Biociphers Compute Hardware

The Biociphers lab contains a number of compute resources which can be used at no additional cost to the lab. When capacity is available, please make use of these resources before turning to other resources such as the PMACS HPC or the Biociphers Oracle cluster

Brief description:

Jordi1, 2, 3, 4: The newest, highest capacity machines. Nvidia Tesla P100 GPU compute is available.

Naxos1,2,3,4: The last generation machines can be used as overflow if Jordi is at capacity. They are still formidable, but less capable than Jordi.

Delos: This is an archive only machine used to store data which is used in complete or inactive projects

Oracle: Burst compute which can be used on-demand in the event that Jordi and Naxos are not adequate. (See Oracle HPC )

General Workflow and Tips

All of the Jordi and Naxos machines are shared by all biociphers lab members. Access to CPUs/GPUs is on a quasi "first come first serve" basis. The usual unofficial procedure is:

  1. Connect to the VPN and to go http://jordi0/ganglia in your web browser. This will give an overview of the general number of CPUs used on all of the systems.
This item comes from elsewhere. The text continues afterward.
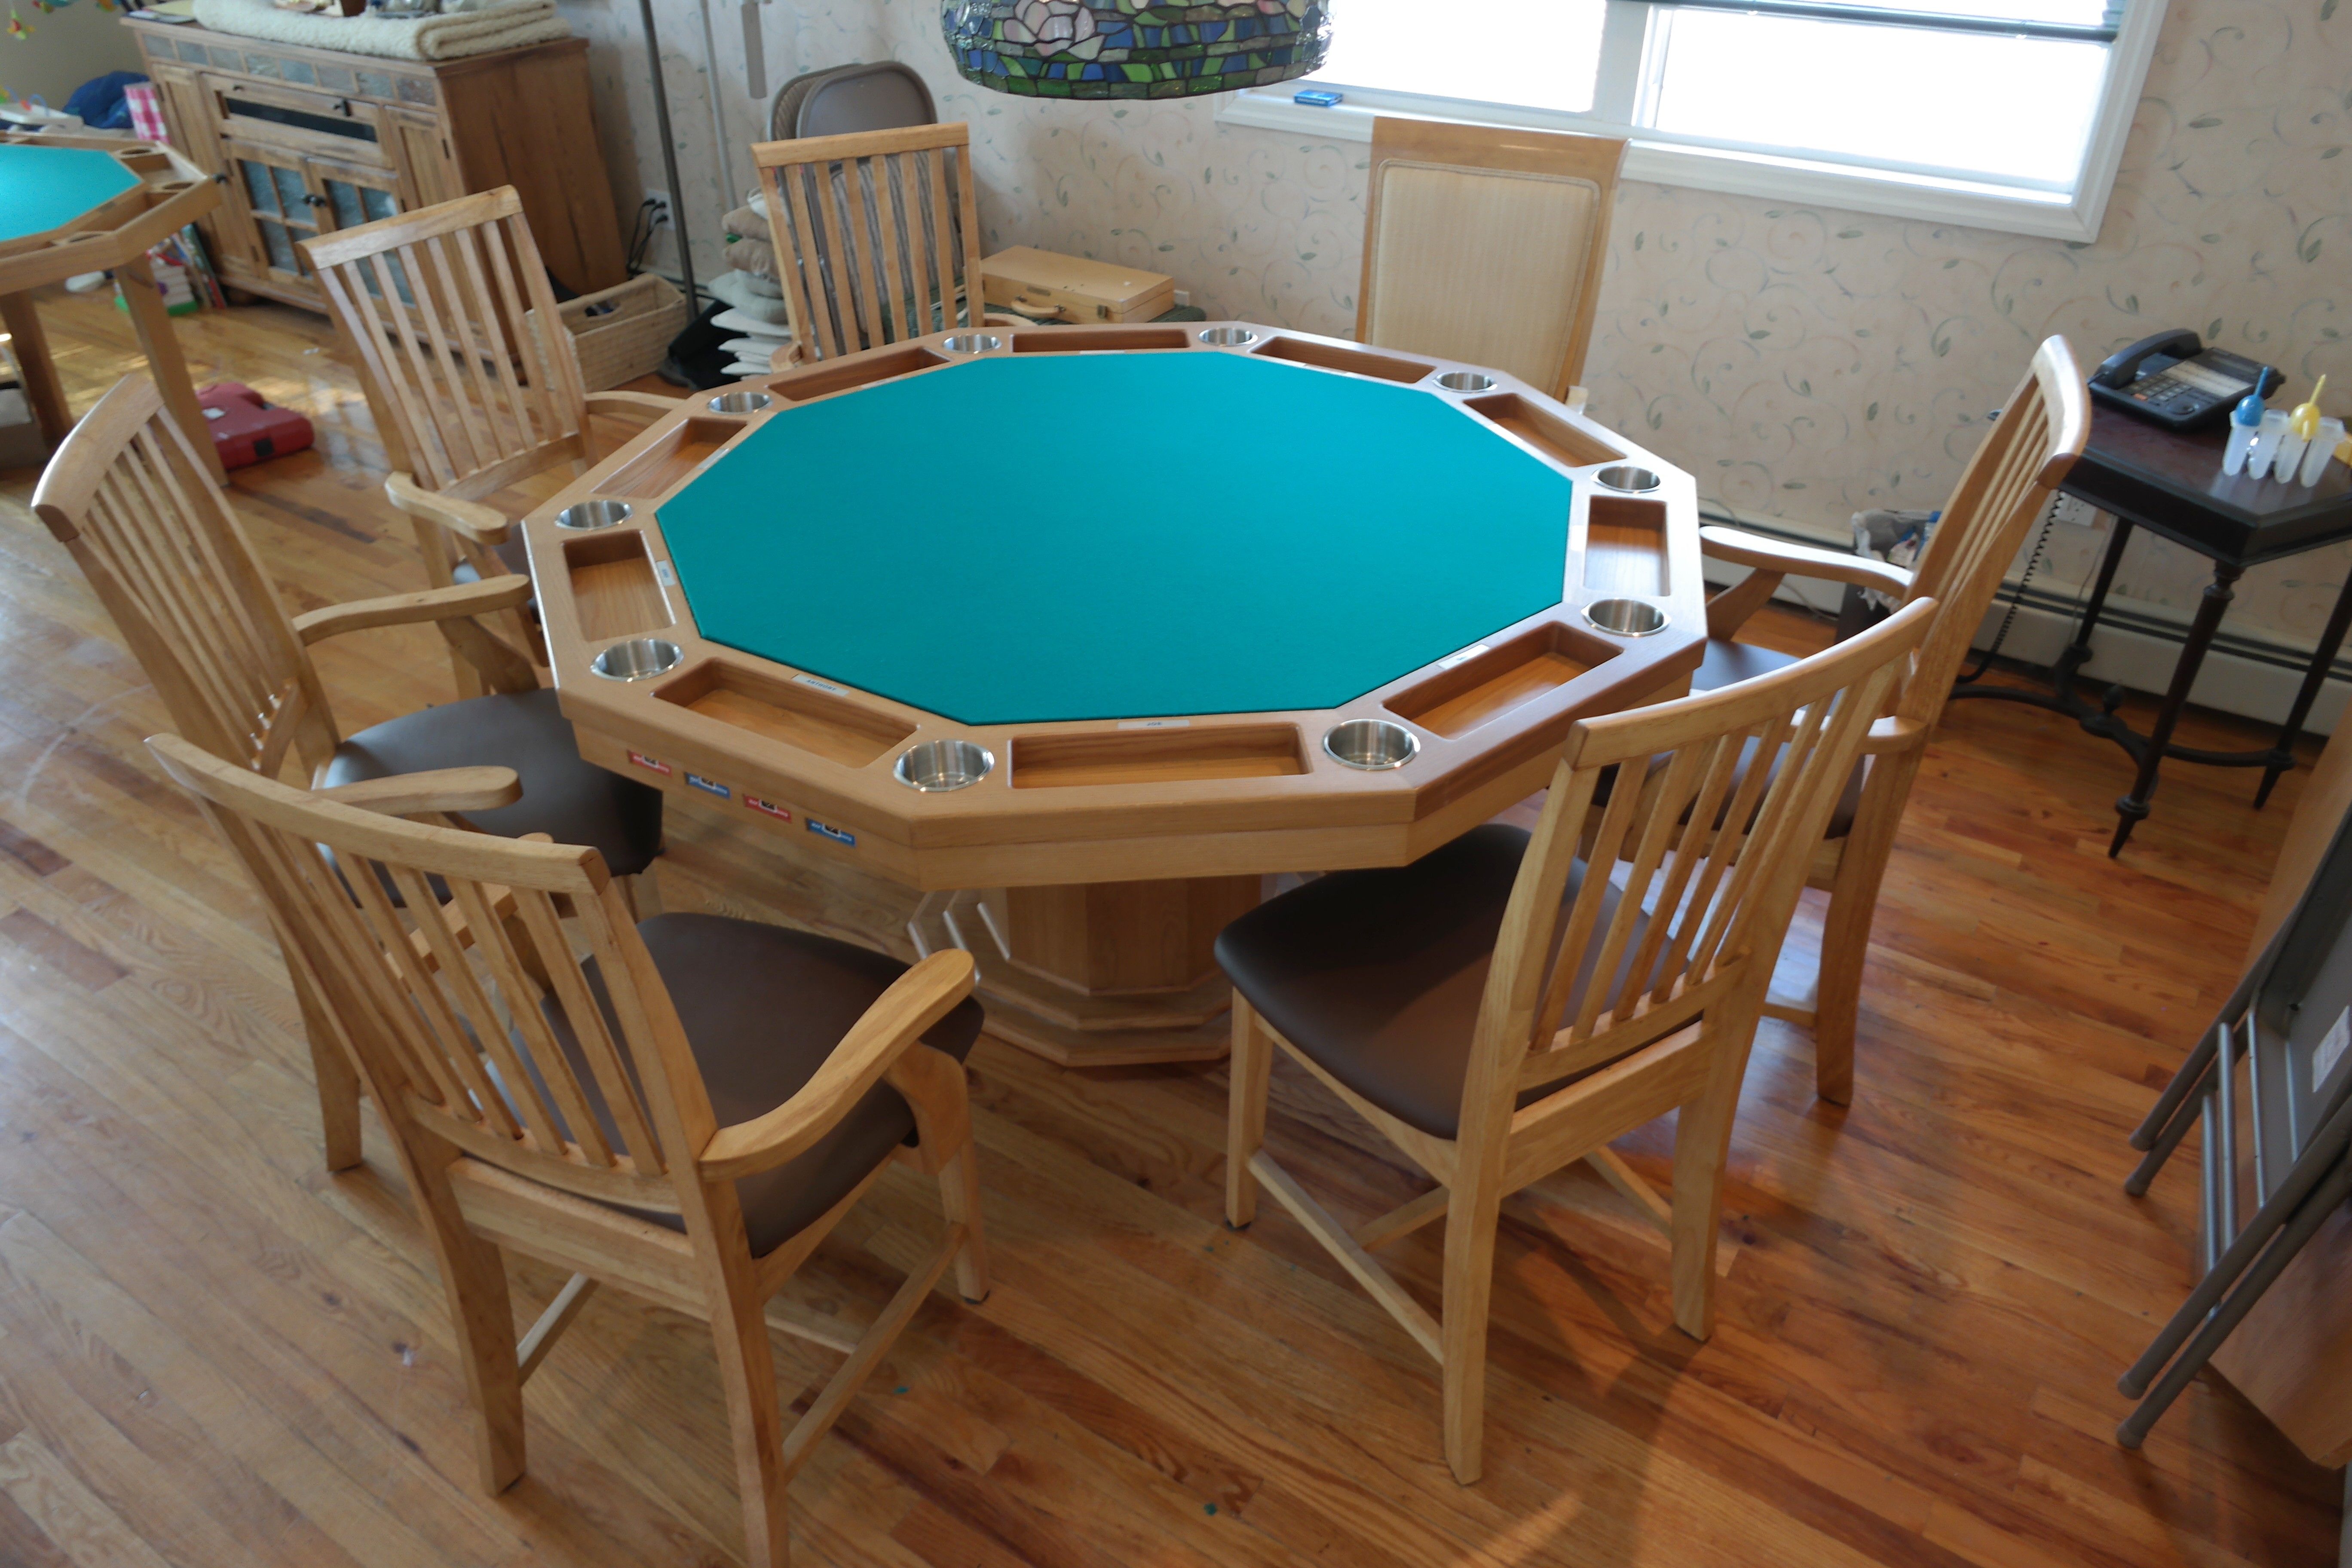 kitchen table that converts to a poker table

  2. If you will only take one machine or less, and/or your job will not run for too long (a few hours or less), Just pick a machine to use, log in, and run it.
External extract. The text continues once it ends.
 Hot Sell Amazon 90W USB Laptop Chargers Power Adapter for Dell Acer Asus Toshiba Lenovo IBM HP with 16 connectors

  3. If you are planning on a longer / more extensive run, it's best to make a message in the "Requests" campfire, and wait for any objections for a half hour or so before taking the resources

Avoid running jobs such that more cores are used than are available. For example, Jordi1 has 112 cores. If someone else is already running a job which is using about 60 cores, there are are only 52 cores left. Do not run a job that uses more than 52 cores, as this will end up slowing down both your job and everyone else's jobs. (wiki)
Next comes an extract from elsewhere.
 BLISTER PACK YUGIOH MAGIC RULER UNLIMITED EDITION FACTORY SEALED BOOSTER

Above is an example of a section of the ganglia web page. Here you can quickly see that there are about 40 cores used on jordi1 and about 60 cores used on jordi4, while jordi 2 and 3 are mostly free to use.

System software tips

Installing software that exactly suits the needs of all lab members is non trivial. Therefore, there are a mix of approaches

  • Per-system software is installed on the operating system disk using the ubuntu package manager. This software is often very old compared to the current versions by a few years at least, but is easy and quick to install. It's also needed for root-user packages like docker.

  • Shared-compiled software is something the system administrator can install on the /data/opt location, for all users to use

  • User software can be installed by users themselves, right in their own home directories.

If you would like to test a new software, and it's not too painful to compile, consider installing it in your own home directory first. If there is interest from more than one person, ask the system administrator to install it using one of the two former methods.

Also of note: Many common datasets, databases, annotations, etc are available in /data/shared . If you find a new annotation that should be added, please let the system administrator know.

Optimizing I/O performance on Jordi*

A lot of the software that we use in the lab needs to read or write a large amount of data to/from disks. When using network disks, it's often pretty slow to read huge amounts of data, or a huge amount of small pieces of data at once. (even on the high speed connections) If you run a software, you can check it's status with $ glances or $ top . If you notice it's not using 100% CPU and is often showing a state of 'D' instead of 'R', it may be being slowed down due to I/O bottleneck.

There are two direct ways to speed up jobs in these cases: Use /scratch or use /dev/shm.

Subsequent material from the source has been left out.